Kasus ini menggambarkan ketidakadilan yang dirasakan oleh pemilik lahan pertanian di Jember, yang menghadapi kewajiban pajak yang sangat tinggi untuk lahan-lahan yang digunakan untuk pertanian skala kecil.
Pada tahun 2016, warga Lingkungan Muktisari, Kelurahan Tegal Besar, Jember, hanya membayar sekitar Rp435 ribu untuk PBB atas lahan sawah dengan ukuran tertentu.
Namun, pada tahun 2024, jumlah yang harus mereka bayar meningkat drastis menjadi Rp900 ribu per meter persegi.
Baca Juga:
Yuk Menyelami Pesona Pantai Klatak dengan Batuan Unik dan Jembatan Cinta sebagai Ikon Wisata!
Lonjakan ini mengejutkan banyak warga, terutama karena sebagian besar dari mereka mengandalkan hasil pertanian seperti padi dan jagung sebagai mata pencaharian utama.
Hadis, salah seorang pemilik lahan sawah di Jember, mengutarakan kekecewaannya terhadap kebijakan ini.

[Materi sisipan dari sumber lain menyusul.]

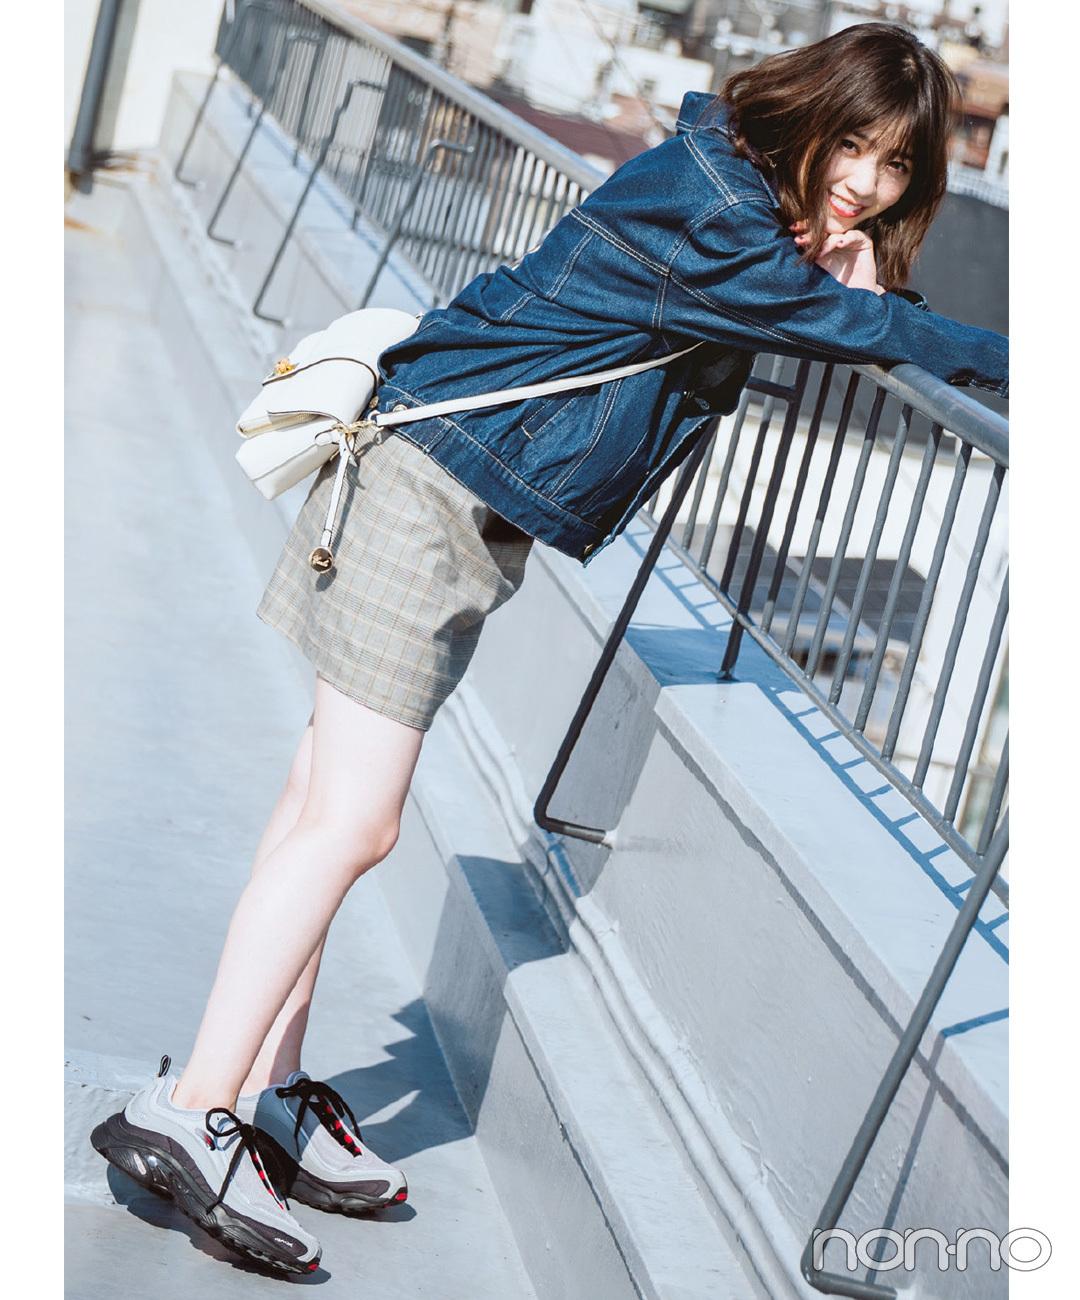 【台形ミニスカートコーデ】ミニ×スニーカーの甘カジバランスはウケ◎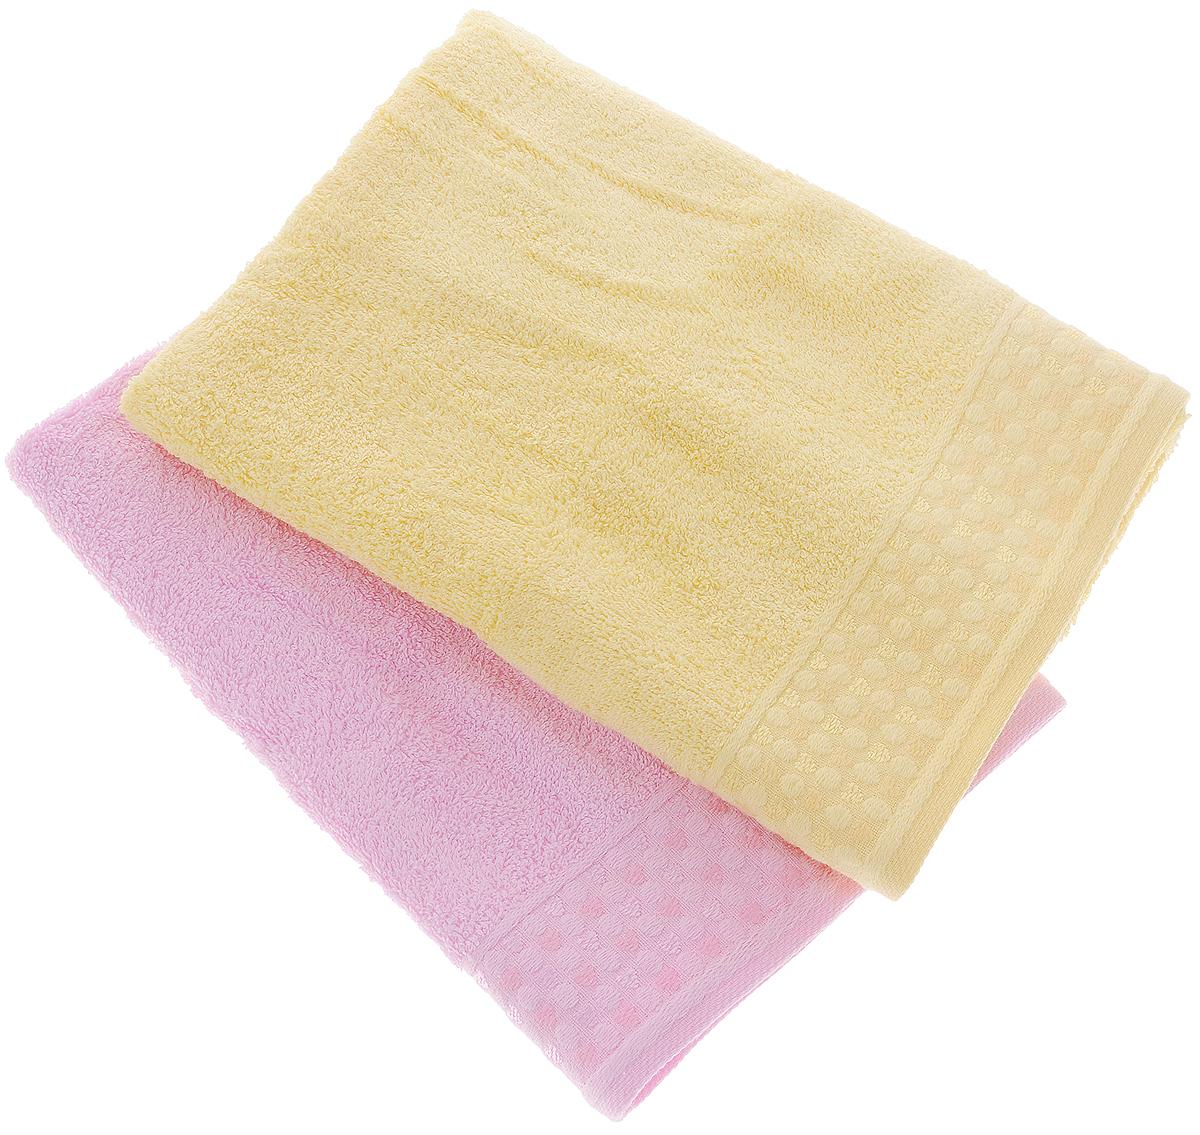 """Набор Tete-a-Tete """"Сердечки"""" состоит из двух махровых полотенец, выполненных из натурального 100% хлопка. Бордюр полотенец декорирован рисунком сердечек. Изделия мягкие, отлично впитывают влагу, быстро сохнут, сохраняют яркость цвета и не теряют форму даже после многократных стирок.  Полотенца Tete-a-Tete """"Сердечки"""" очень практичны и неприхотливы в уходе. Они легко впишутся в любой интерьер благодаря своей нежной цветовой гамме. Набор упакован в красивую коробку и может послужить отличной идеей для подарка. Размер полотенец: 50 х 90 см."""

Meskipun beberapa warga telah mengajukan keberatan kepada Badan Pendapatan Daerah (Bapenda) Jember, mereka tetap dihadapkan pada kewajiban untuk membayar pajak yang telah ditetapkan.
Keluhan ini mencerminkan frustrasi warga terhadap penilaian NJOP yang tinggi dan dampaknya yang signifikan terhadap kestabilan ekonomi mereka.
Lurah Tegal Besar, Tomas Heru Indra, menanggapi keluhan ini dengan mengimbau warga untuk berkomunikasi langsung dengan Bapenda guna mendapatkan penjelasan lebih lanjut mengenai penilaian dan tarif pajak yang diterapkan.
Langkah ini bertujuan untuk meningkatkan transparansi dan memfasilitasi dialog terbuka antara pemerintah daerah dan masyarakat terkait kebijakan perpajakan yang diterapkan.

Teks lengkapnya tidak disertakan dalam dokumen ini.